In 1927, A&P opened its first stores in Canada. By 1929, A&P was present in 200 communities in Ontario and Quebec.

A&P Canada left the Quebec market in 1984, and in 1985 acquired Dominion Stores in Ontario. It acquired Steinberg's Ontario grocery store chains Miracle Food Mart and Ultra Food&Drug in 1990 when the company divested them under new management (Miracle Mart rebranded by 1994 and Ultra by 2008).

In 1999, it acquired the Barn Markets, based in Hamilton, Ontario, and opened its first discount grocery store, Food Basics.

In 2005, A&P Canada Co. operated 135 stores under the banners of: A&P, Dominion and Ultra Food & Drug, in addition to The Barn Markets and Food Basics.
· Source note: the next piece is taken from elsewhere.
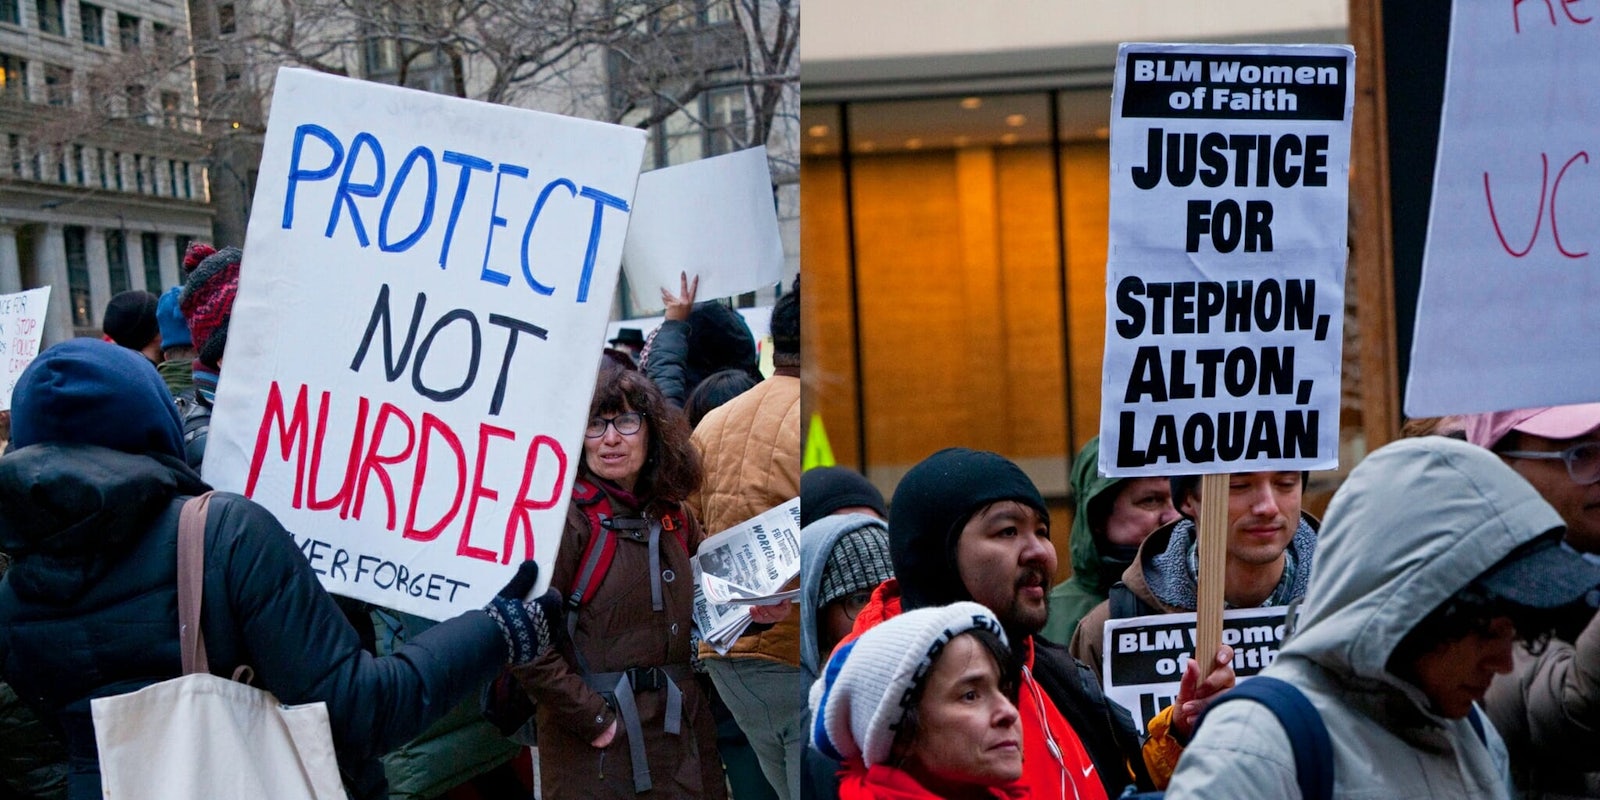 Protesters demand justice for Black men fatally shot by police officers.

It employed over 34,000 employees in Ontario.

On July 19, 2005, Metro Inc. announced that it had reached an agreement with The Great Atlantic & Pacific Tea Company, Inc. and its subsidiary, A&P Luxembourg S.à.r.l., to acquire all of the issued and outstanding common shares of A&P Canada, for an acquisition price of $1.7 billion, consisting of $1.2 billion in cash and $500 million in the form of treasury shares of Metro. The sale was completed on August 15, 2005.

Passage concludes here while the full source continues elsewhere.